LA EDUCACIÓN ES UN PROCESO DE HOMINIZACIÓN

La educación, en su más amplia acepción (no como proceso que se cumple únicamente en la escuela, sino también –y muchas veces
preponderantemente– en el grupo humano) intenta que se desenvuelvan en cada educando las capacidades y características propias del
ser humano. Es decir, intenta que el hombre sea realmente hombre. En tal virtud, es un proceso de hominización.

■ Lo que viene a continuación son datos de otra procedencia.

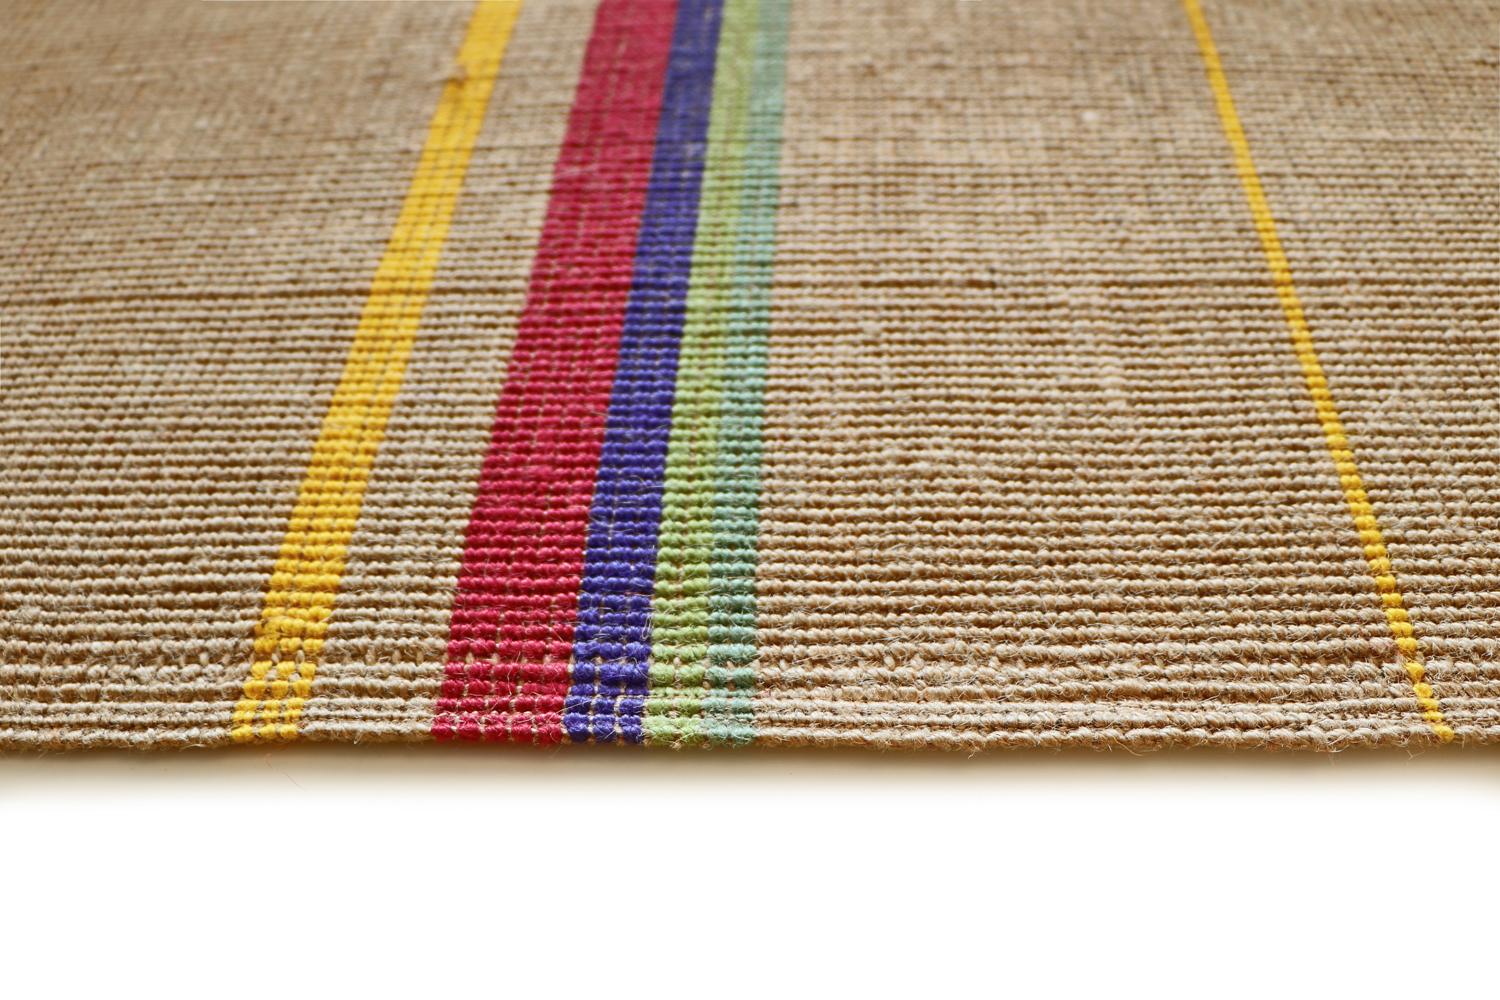 Nature Inspired Striped Spring Thin Rug by Deanna Comellini In Stock 200x250 cm For Sale 2

a) En efecto, para que el ser que nace pueda llegar a ser hombre realmente se requiere antes que nada que pueda alimentarse
adecuadamente y que haya cuidado de su salud y que se ejercite corporalmente, para así tener un desarrollo orgánico óptimo. En nuestra
América Latina, donde la pobreza y, más aún, la pobreza crítica amenaza a millones de adultos y de párvulos, estos requisitos somáticos
no se cumplen ni lejanamente. Ocurre lo mismo, parcialmente, en los países industrializados. Mientras esta lacra subsista, difícilmente la
proclamada democracia será real, y lo que es peor no habrá verdadera educación.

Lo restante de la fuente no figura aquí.